In 1914, at the outbreak of the First World War, Spiksley was managing in Nuremberg. A decree was issued to arrest and imprison any foreigners aged between 17 and 45.
Then aged 44, Spiksley and his son, Fred Jr., were locked up. They were beaten and fed on a diet of blackened bread and water.
His wife Ellen was able to secure their release with the assistance of Spiksley's club and the American consul, but they still had to escape Germany to neutral Switzerland, with the added complication that he would be enlisted to fight if decreed fit back home.
The injury to his right knee had ended his playing career, but here it came to his rescue.
When examined, the otherwise fit and healthy Spiksley was able to dislocate the knee (thanks to an early rise that morning and two hours of applying boiling hot water to the joint), leaving him unable to run and, in the eyes of the doctor, unfit for service.
He and his family were able to return to England and he spent the remainder of the war working as a munitions inspector in Sheffield before resuming his coaching career.

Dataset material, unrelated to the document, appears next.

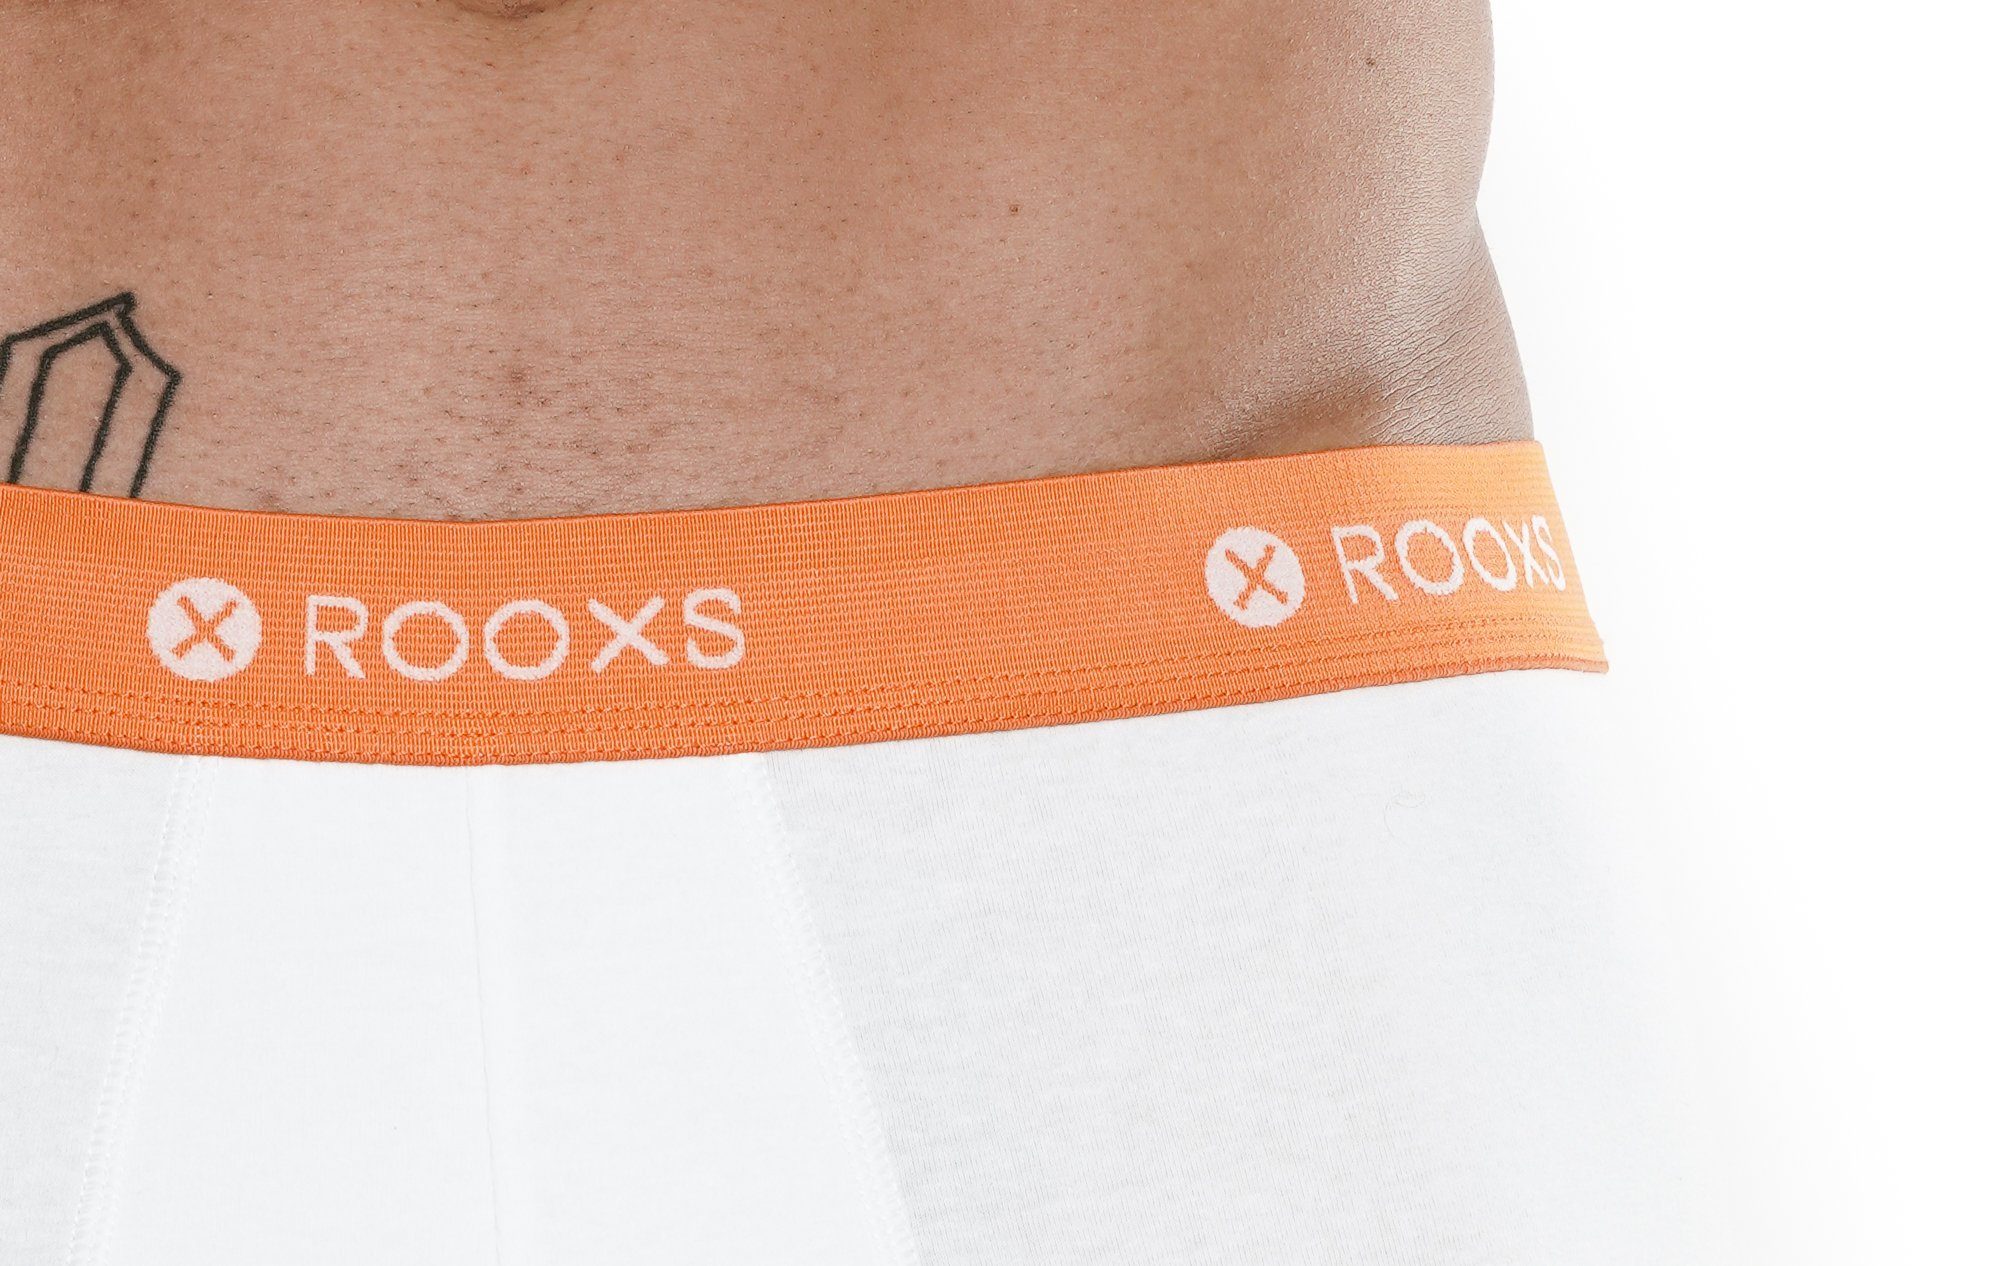 ROOXS - Herren (3-St) 03 Unterhosen Boxershorts Orange Weiß Männer Baumwolle Enge Retroshorts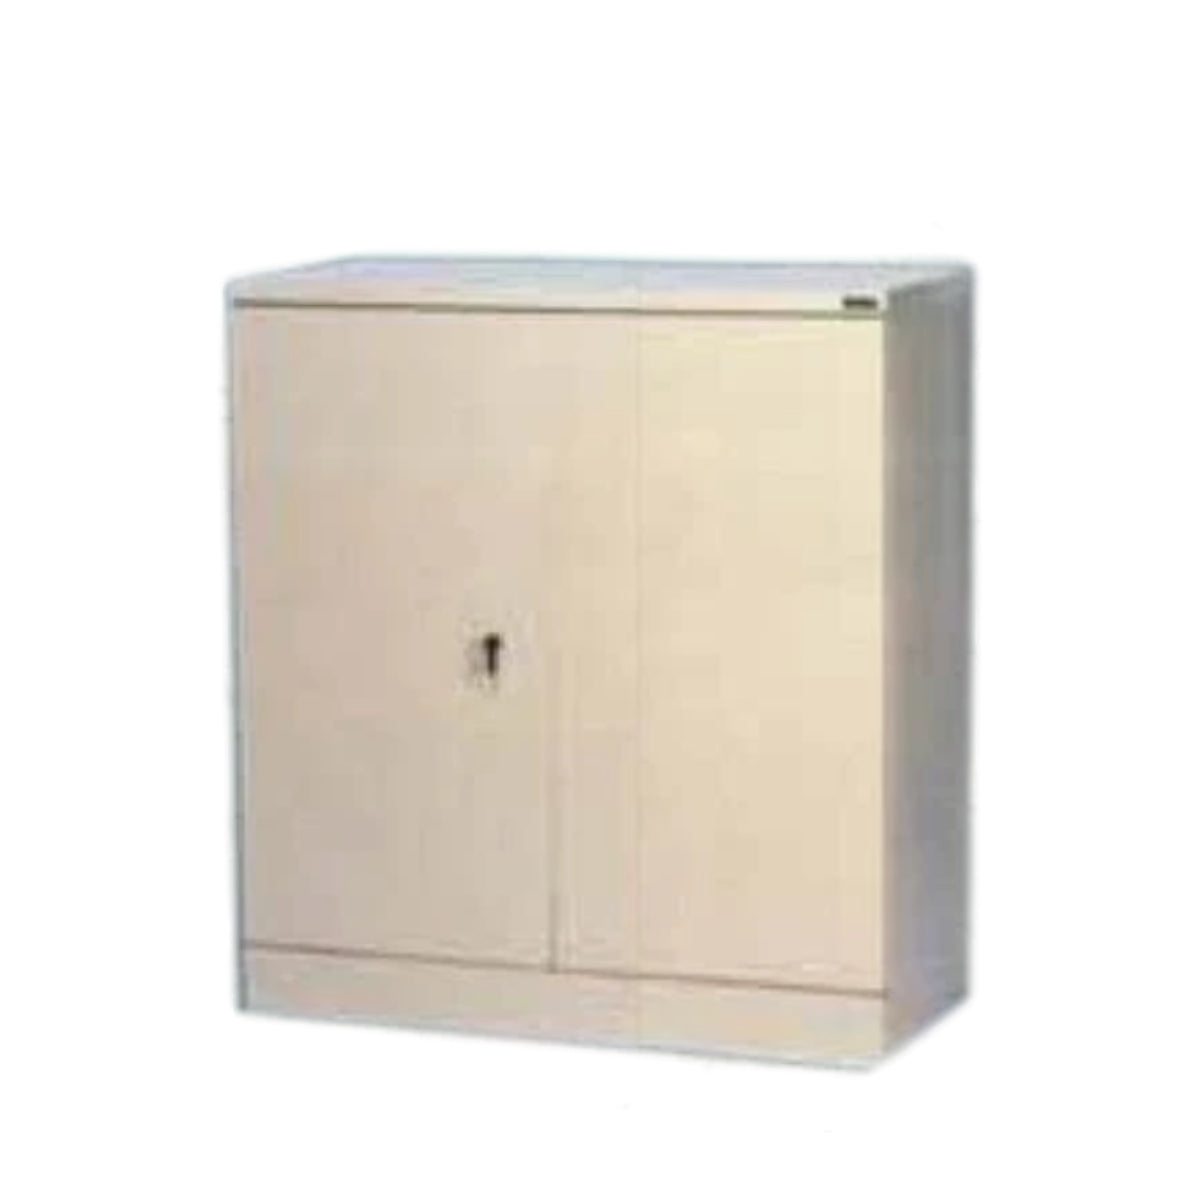 Rexel Filing Cupboard, 101.6x91.8x40 cm, Swing Door, Off-White

Spiksley's final coaching role was working with the students at King Edward VII School in Sheffield, the most successful season of which came in 1933-34 and saw the first XI win all 20 of their fixtures, scoring 181 goals in the process.
Such was the achievement that the Ardath Tobacco Company included King Edward's school team in their football cigarette photograph collection in 1935-36 alongside top professional sides of the time.
Spiksley (left) with the Nuremberg team
But his first and enduring love was the racecourse.
There were some successes with gambling - his family recall him ironing the creases out of a wad of £5 notes he had won at the races and carried back to his home in a suitcase. But the losses were more frequent and often destructive, leading to heavy debts, court appearances and, in 1909, bankruptcy.
There was also a costly divorce from Ellen to deal with later in his life, the reason for which was recorded as his adultery.
"There are plenty of traits of Fred's that were not attractive. He was a gambler and I also suspect his relationship with his first wife was not perfect," says Metcalf.
"In a way, this also must have impacted on how he played on the pitch. He was an outsider. He wasn't necessarily a team player. He didn't live in Sheffield, he continued to live in Gainsborough so maybe wasn't part of that team ethic."
Spiksley's remarkable life saw him shine as one of the finest footballers of his generation and make the unusual leap to the stage before enjoying great success as a coach, despite global conflict and his reputation as a hard gambler and womaniser.
The circumstances of its end were darkly fitting. In 1948, at the age of 78, he collapsed and died from a heart attack on Ladies Day at Goodwood.
Clasped in his hand was an unclaimed winning ticket.